As much as some, such as myself, are inclined to believe that with sufficiently robust safeguards REDD can be molded such that local communities are genuine beneficiaries, a recent report by the Rainforest Foundation poses some serious challenges to the way REDD activities have been conducted to date. The report accuses a widely used REDD cost accounting methodology, the carbon mitigation ‘cost-curve’, of being misleading to policy makers, deeply methodologically flawed and inherently undermining of local community interests.

Brought into the popular sphere by the Stern Report and long associated with the McKinsey consulting firm in Australia, undeniable biases are built into the methodology which favor economically quantifiable activities and in particular, commercial interests. In efforts aimed at grasping first for ‘low hanging fruit’, McKinsey has used the cost-curve to advocate for eliminating shifting agriculture as a ‘cheap’ option for reducing deforestation. They suggest this to be achievable in Indonesia at bargain basement prices of only US $1 per tCO2e.

 But the Rainforest Foundation report asserts that they are wrong.

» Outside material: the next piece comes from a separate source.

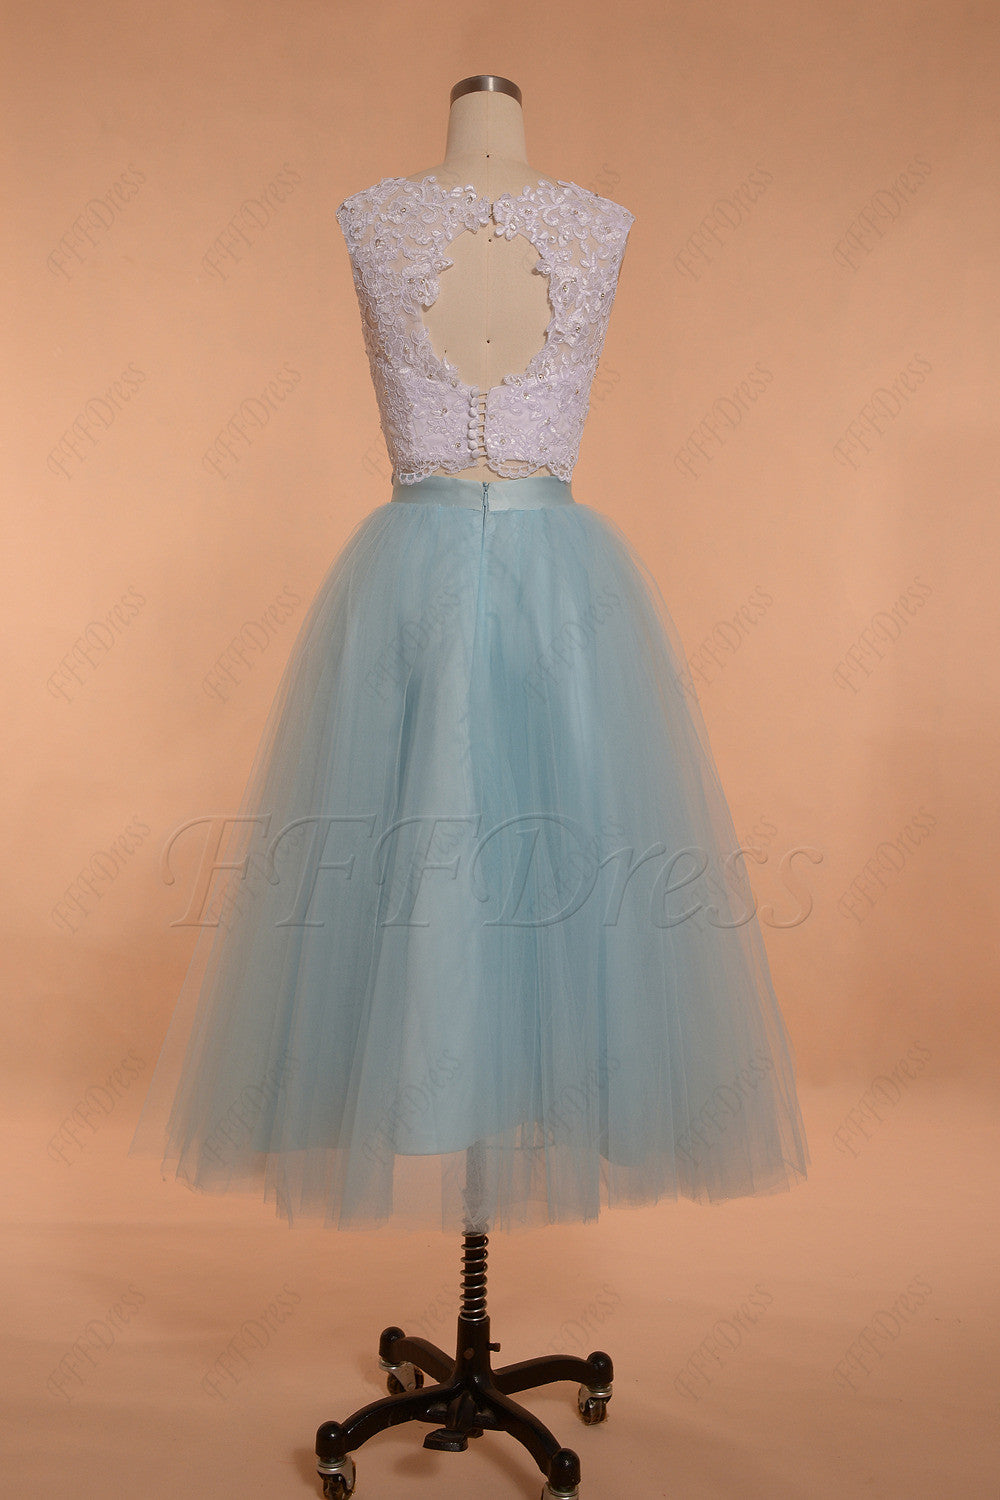 Light blue two piece homecoming dresses

Methodologically, economically and ethically. The carbon mitigation cost-curve seriously undervalues the package of services that forests provide to subsistence communities. It simply does not account for the range of values that exist outside the parameters of market forces.  It blithely undervalues the costs of REDD in all of transaction, implementation and monitoring costs.

Despite the findings of the report, I remain convinced that REDD can (and must) serve the interests of the global armies of rural poor. The case of the cost-curves’ subtle but unjust biases should be a call to vigilence. On the positive side, as civil society and community groups become more informed, engaged and determined, the less the risk that inequitable systems and methods will slip by unquestioned.